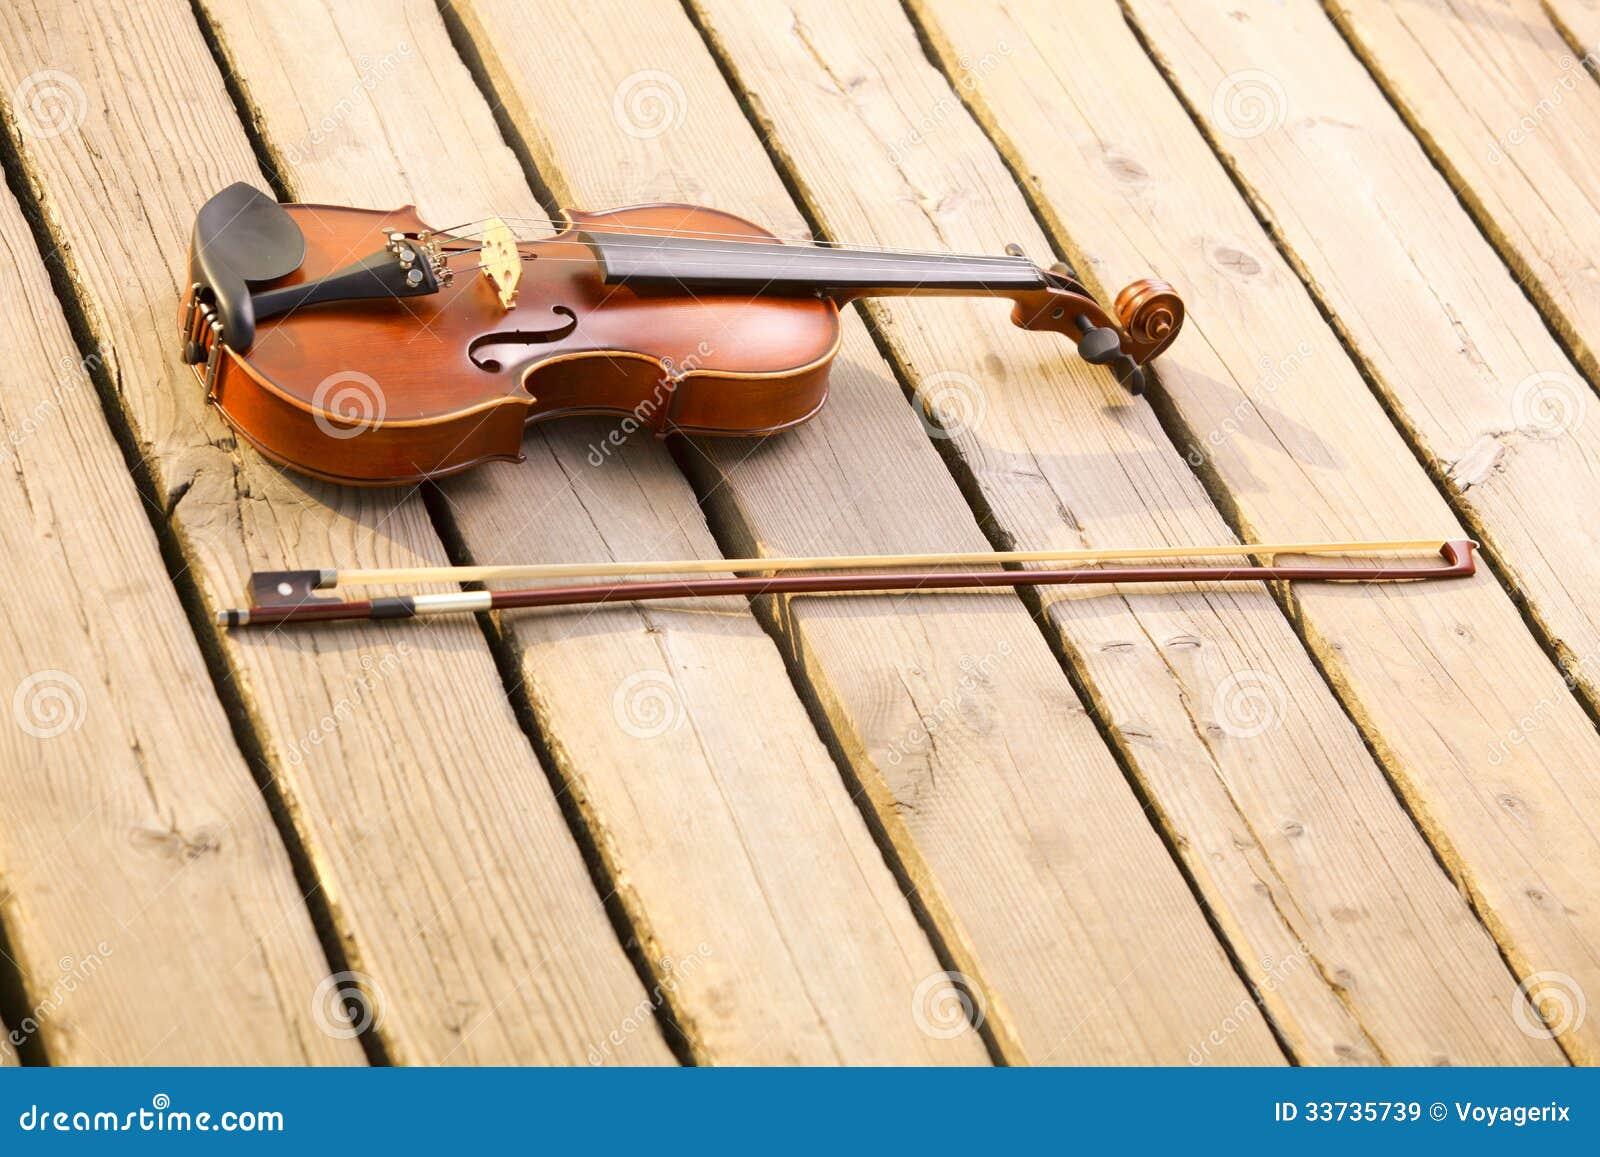 Скрипка на деревянной пристани. Концепция музыки
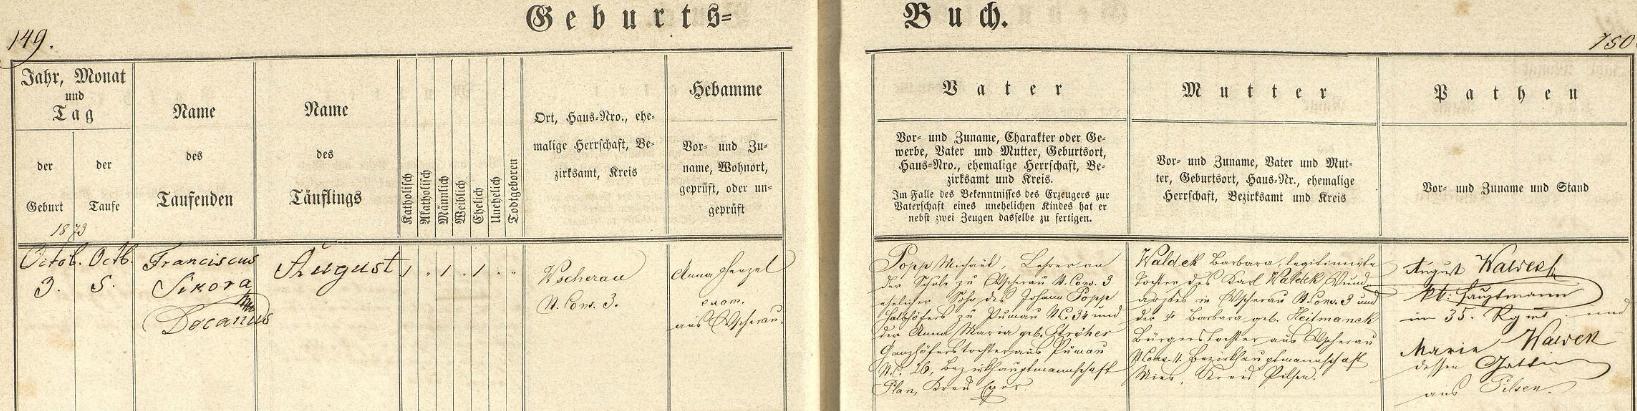 Podle tohoto záznamu z matriky farní obce Všeruby u Plzně narodil se tu 3. října roku 1873 (dva dny nato ho děkan Franz Sikora ve zdejším kostele sv. Martina i pokřtil jménem August Popp) v domě čp. 3 učiteli Michaelu Poppovi (jeho otec Johann Popp byl polodvorníkem /pololáníkem/ v Boněnově /Punnau/ čp. 34, kde hospodařil se svou ženou Annou Marií, roz. Ströherovou, dcerou celoláníka z Boněnova čp. 26) a jeho ženě Barbaře, legitimizované dceři Karla Waldeka, ranhojiče ve Všerubech u Plzně čp. 3, a jeho choti Babrbary, roz. Heitmanekové, měšťanské dcery ze Všerub u Plzně čp. 11 - jako kmotři jsou psáni August Waldek, c.k. hejtman (kapitán) 35. pluku v Plzni a jeho žena Maria Waldeková, rovněž z Plzně
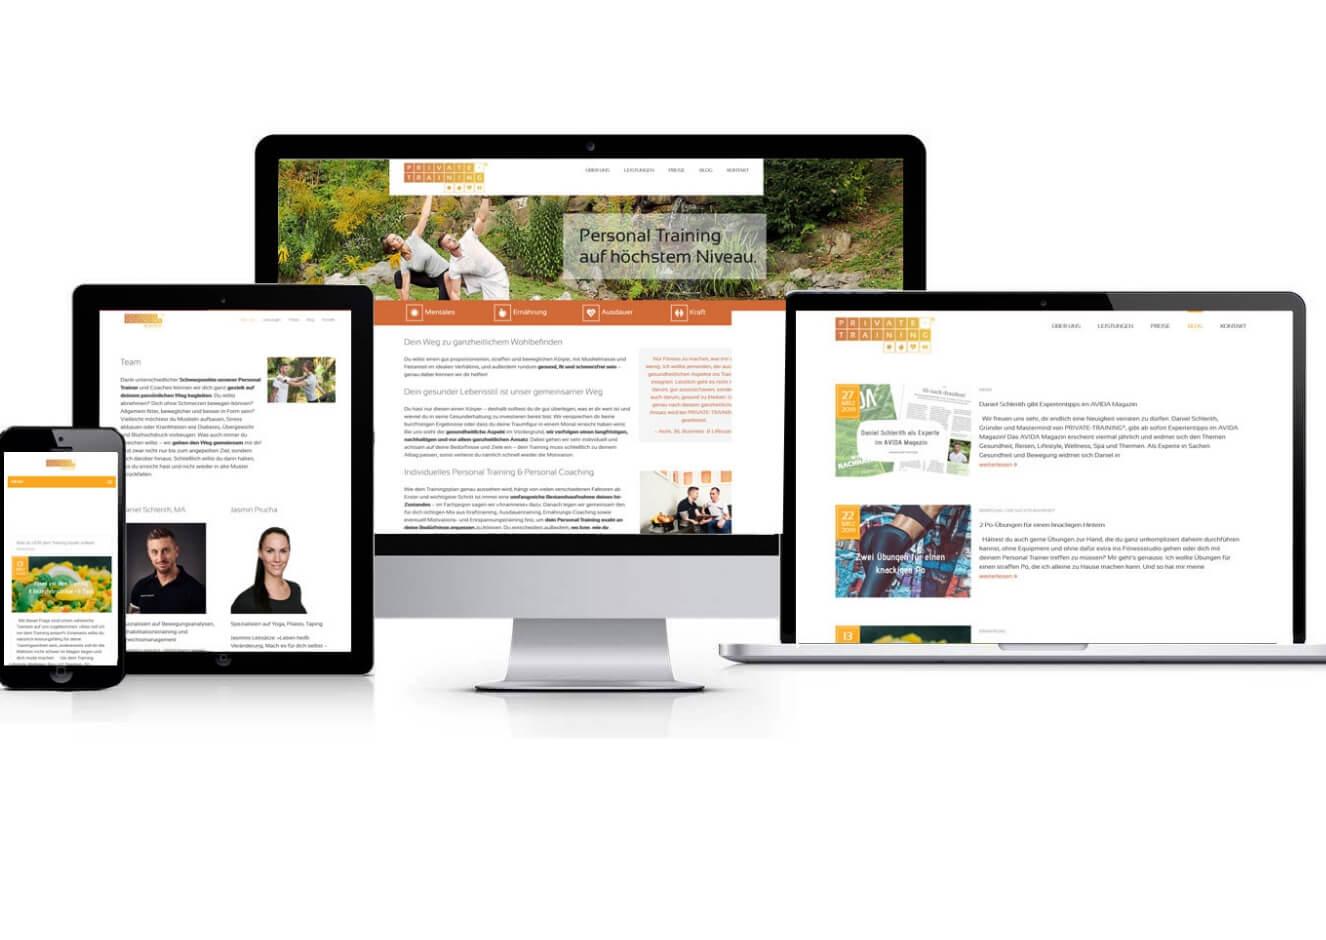 Website-Texte, Blogartikel und Projektmanagement für die Website www.private-training.at

Your goal:
Please copy out each line above exactly as written, but not the pictures.

Exercise answer:
 Скрипка на деревянной пристани. Концепция музыки
 Podle tohoto záznamu z matriky farní obce Všeruby u Plzně narodil se tu 3. října roku 1873 (dva dny nato ho děkan Franz Sikora ve zdejším kostele sv. Martina i pokřtil jménem August Popp) v domě čp. 3 učiteli Michaelu Poppovi (jeho otec Johann Popp byl polodvorníkem /pololáníkem/ v Boněnově /Punnau/ čp. 34, kde hospodařil se svou ženou Annou Marií, roz. Ströherovou, dcerou celoláníka z Boněnova čp. 26) a jeho ženě Barbaře, legitimizované dceři Karla Waldeka, ranhojiče ve Všerubech u Plzně čp. 3, a jeho choti Babrbary, roz. Heitmanekové, měšťanské dcery ze Všerub u Plzně čp. 11 - jako kmotři jsou psáni August Waldek, c.k. hejtman (kapitán) 35. pluku v Plzni a jeho žena Maria Waldeková, rovněž z Plzně
 Website-Texte, Blogartikel und Projektmanagement für die Website www.private-training.at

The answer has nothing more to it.